--- What you need to do ---
In the listing below, find the line containing "Profesional cutting pliers" and the line containing "Kirstie Alley Reveals", then copy exactly everything from the first through the second, except the pictures.

--- Given information ---
========
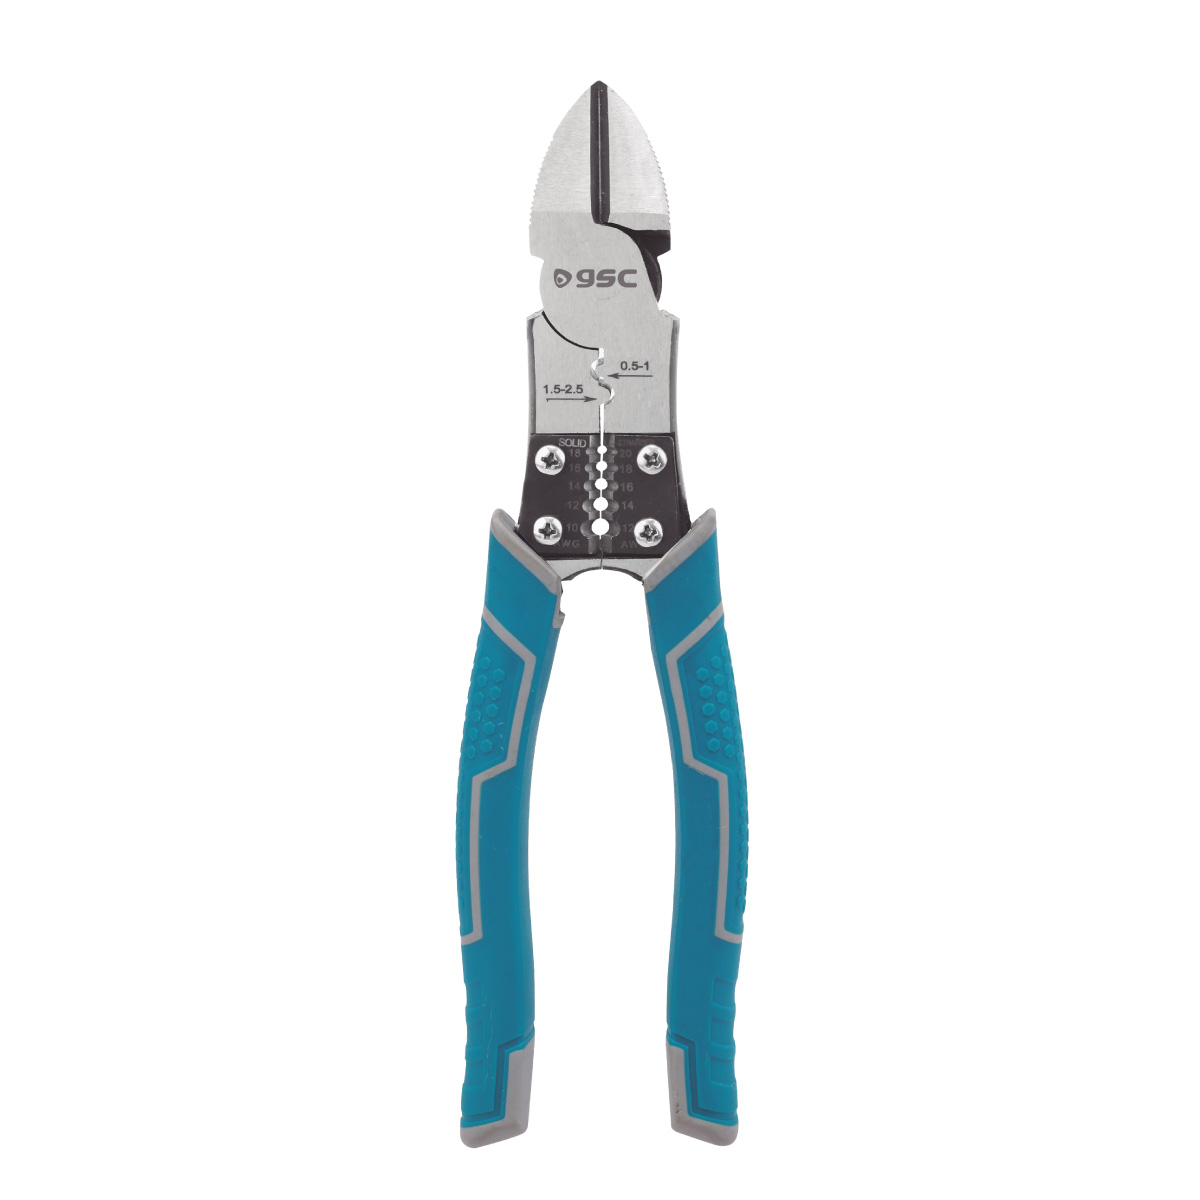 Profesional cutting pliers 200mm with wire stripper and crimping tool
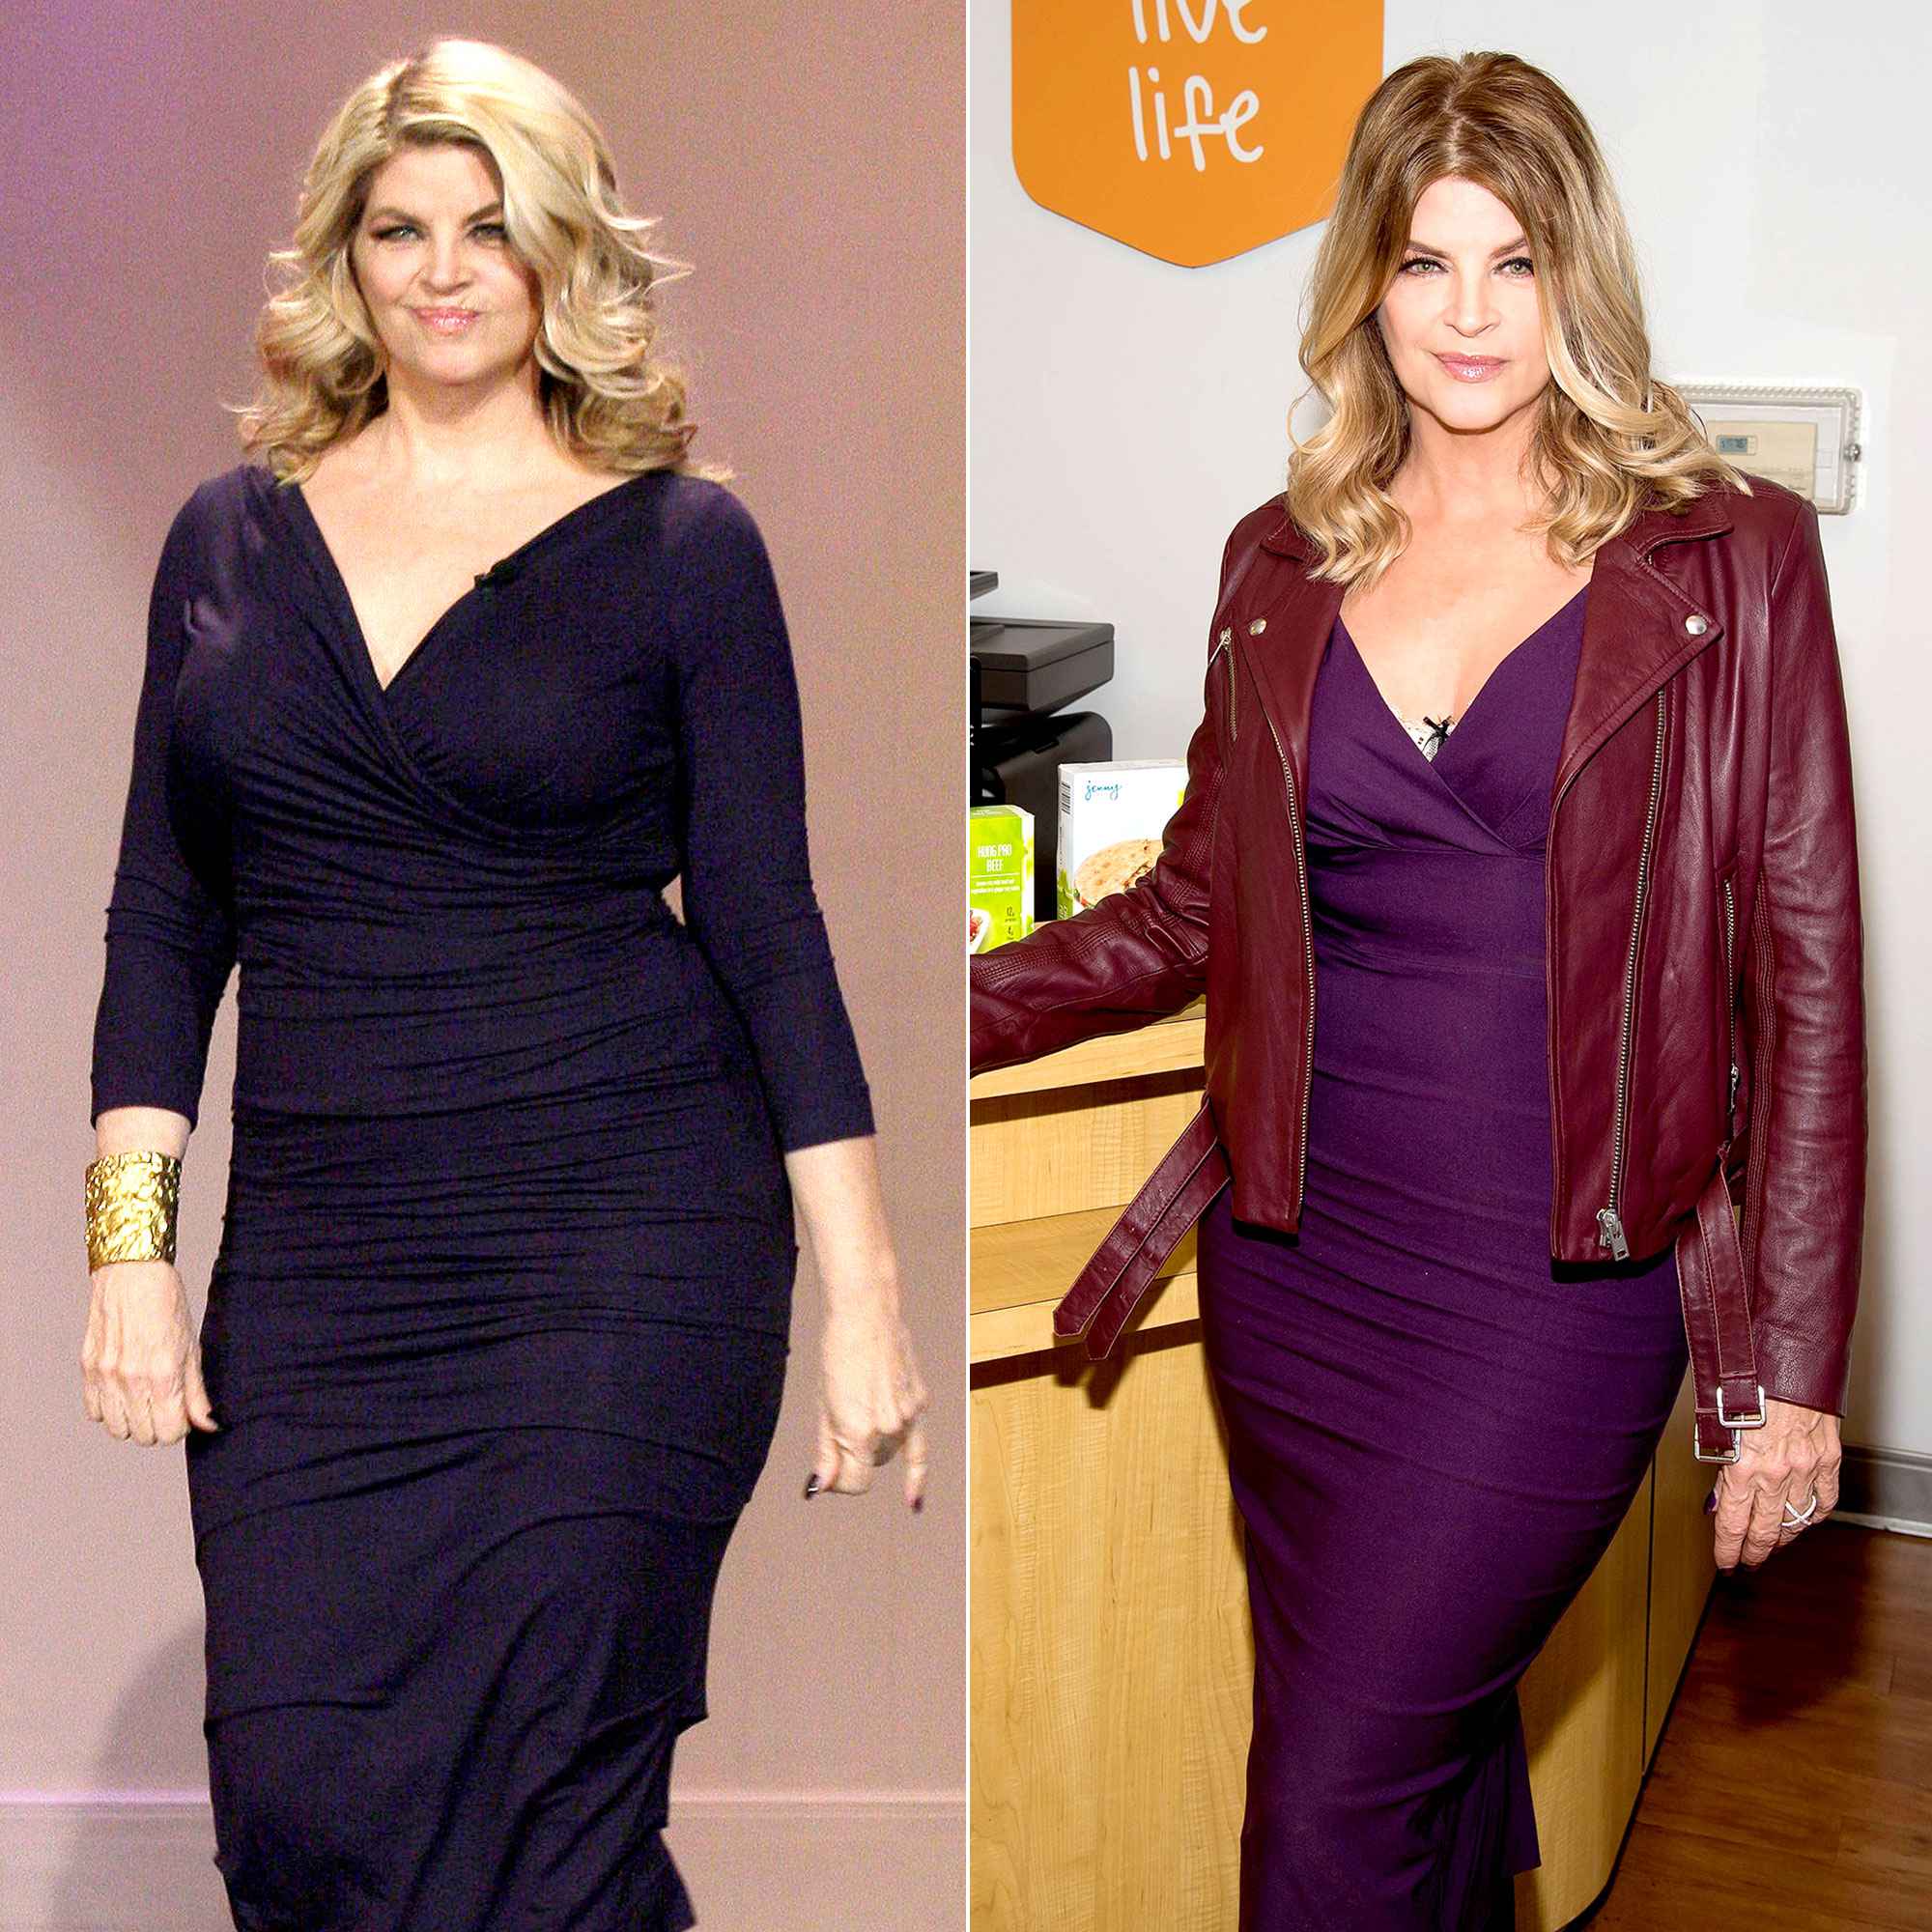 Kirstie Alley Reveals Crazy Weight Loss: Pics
========
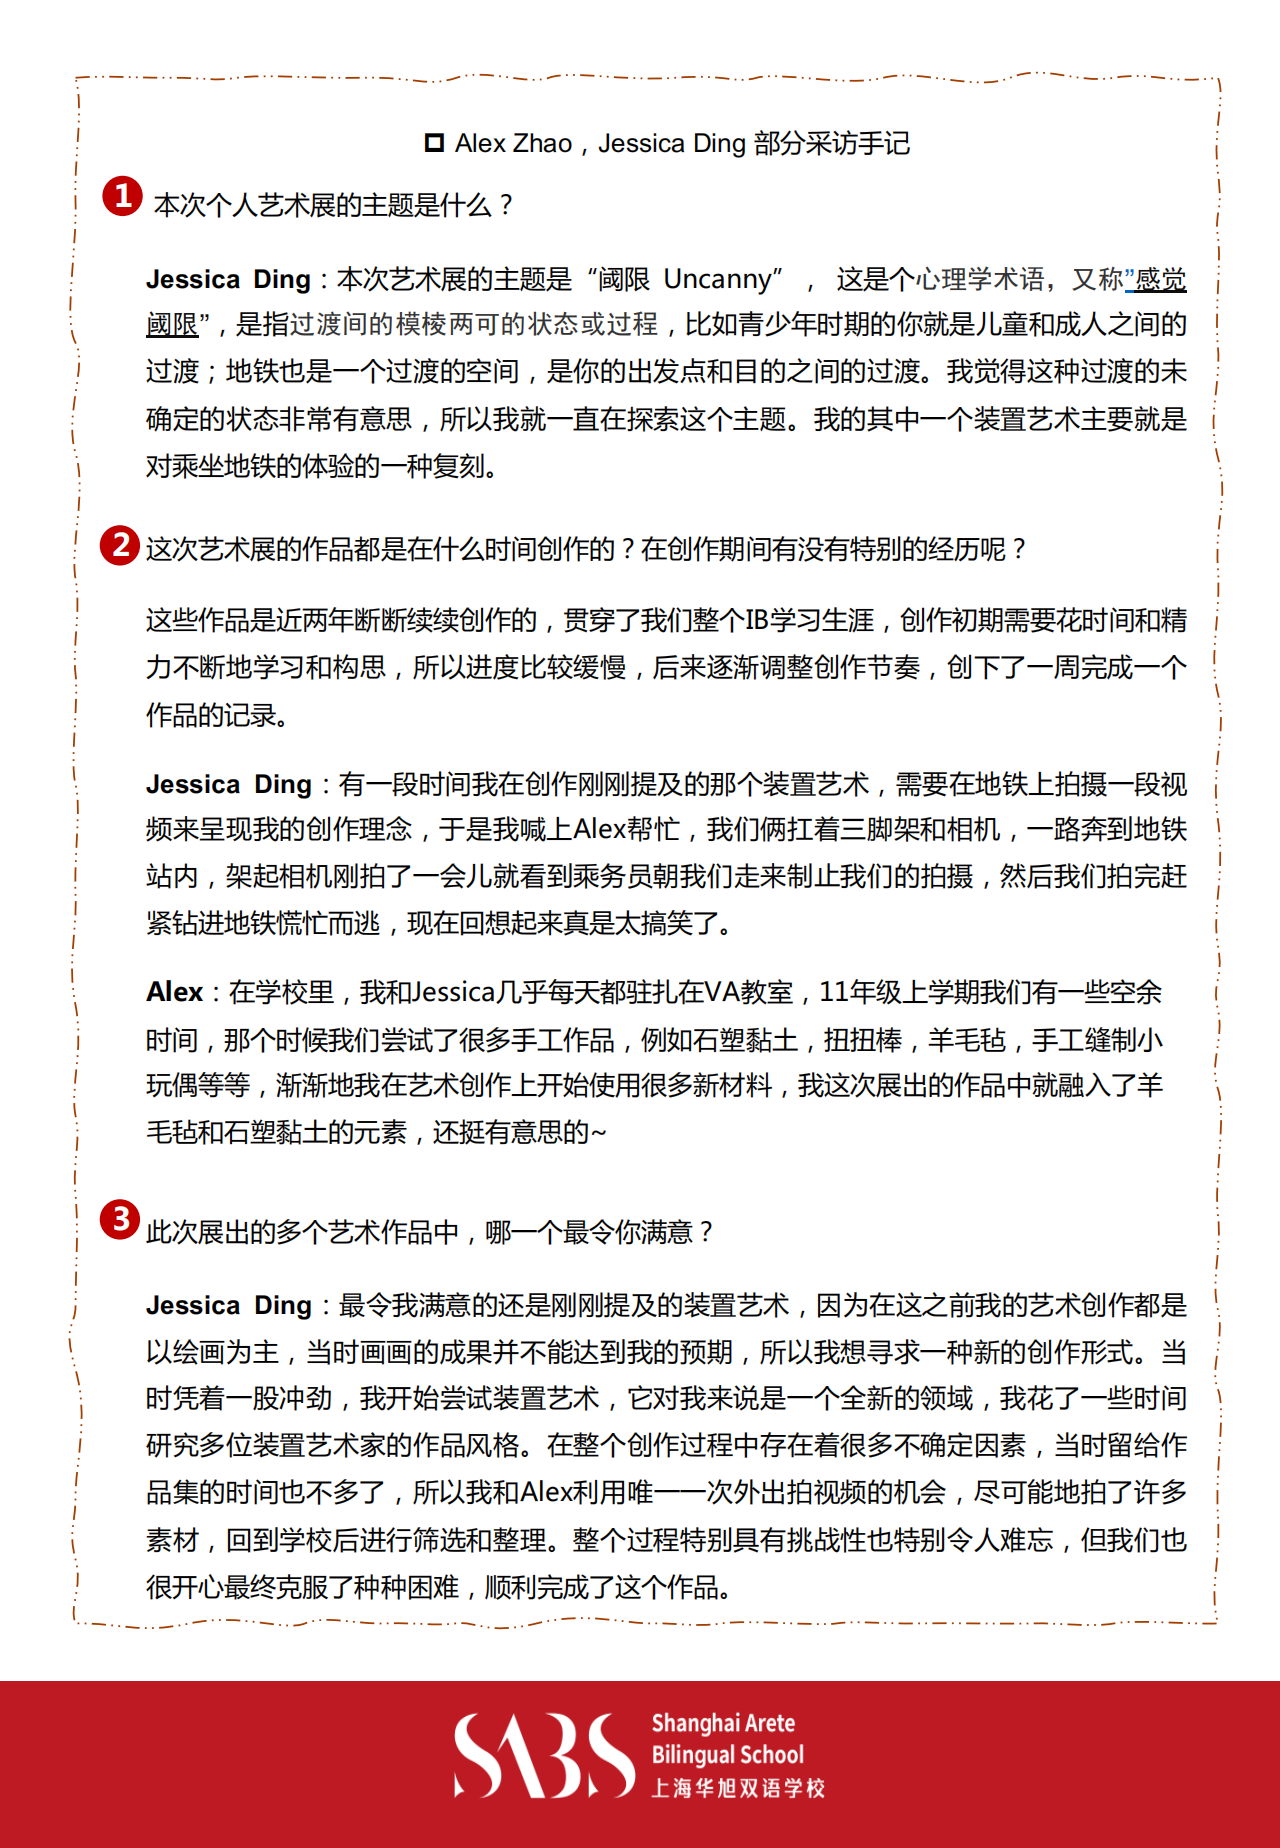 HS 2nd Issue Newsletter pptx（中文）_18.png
========
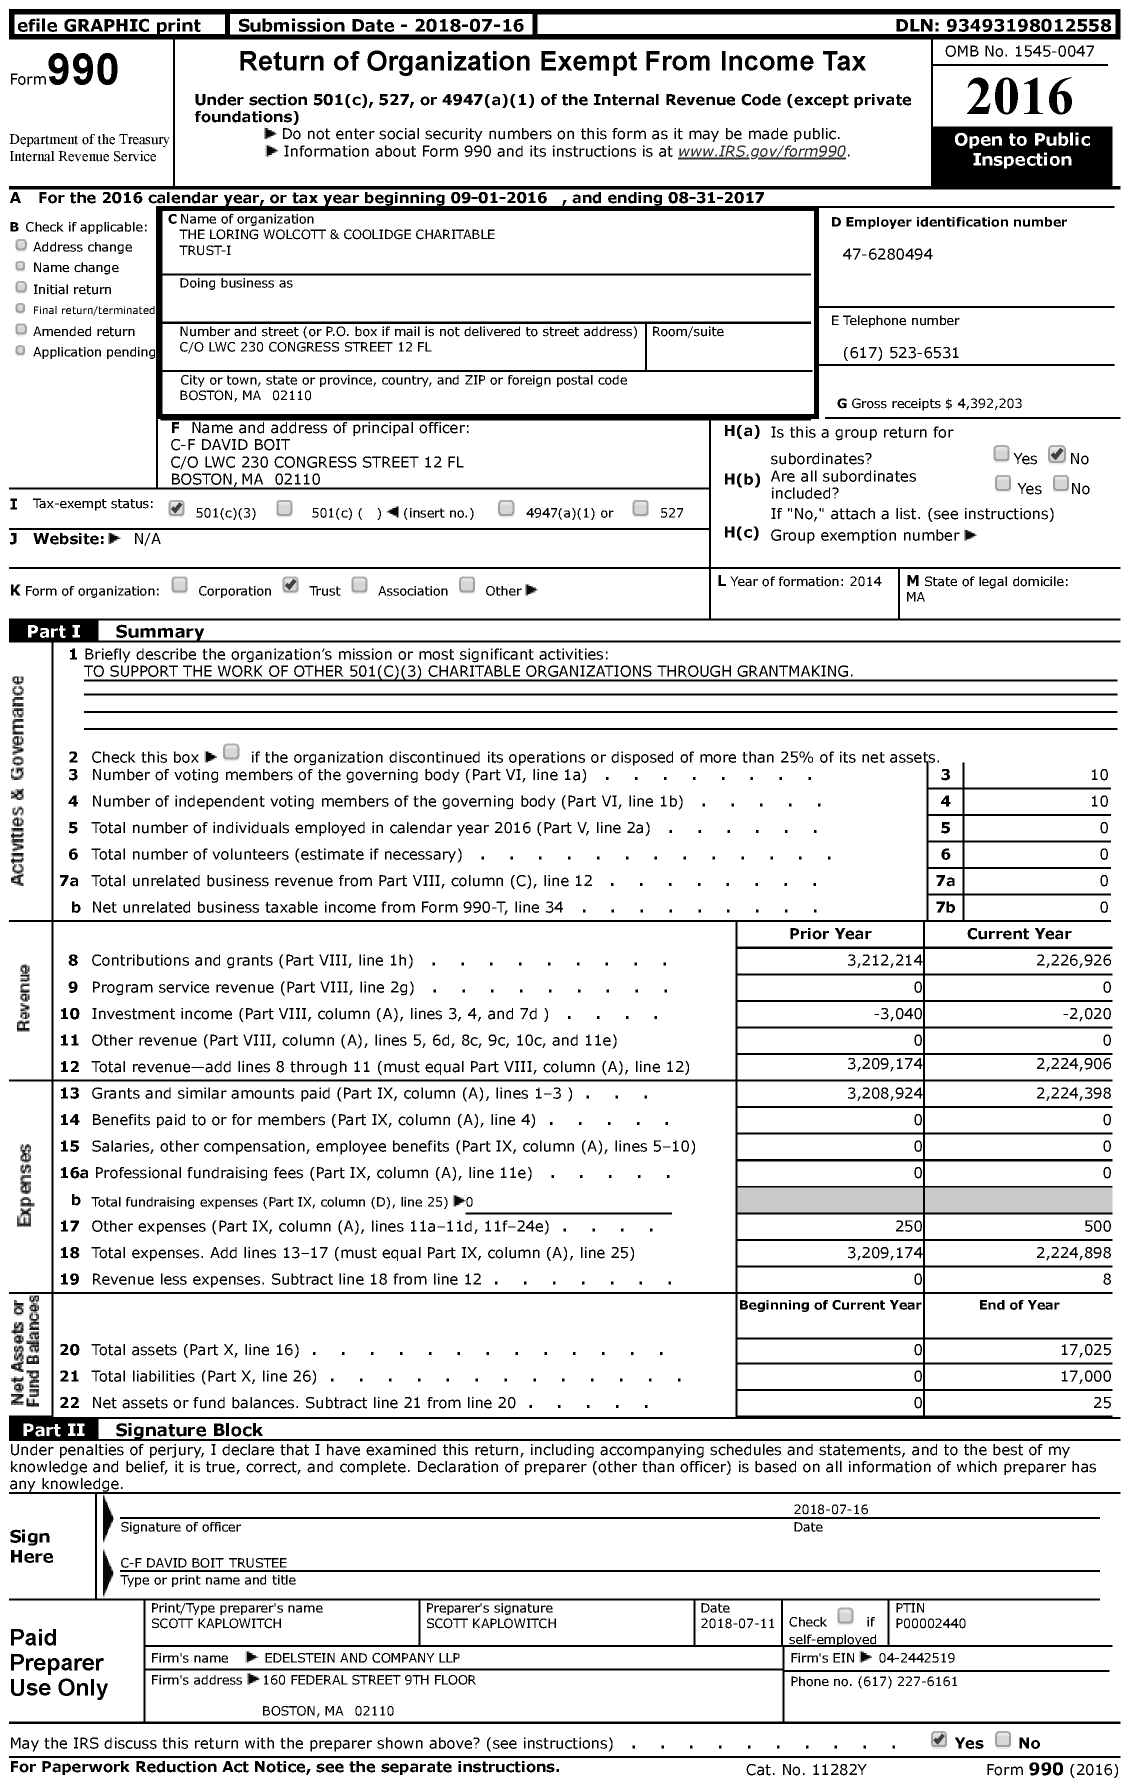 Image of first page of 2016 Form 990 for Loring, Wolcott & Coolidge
========
--- Result of this task ---
 Profesional cutting pliers 200mm with wire stripper and crimping tool
 Kirstie Alley Reveals Crazy Weight Loss: Pics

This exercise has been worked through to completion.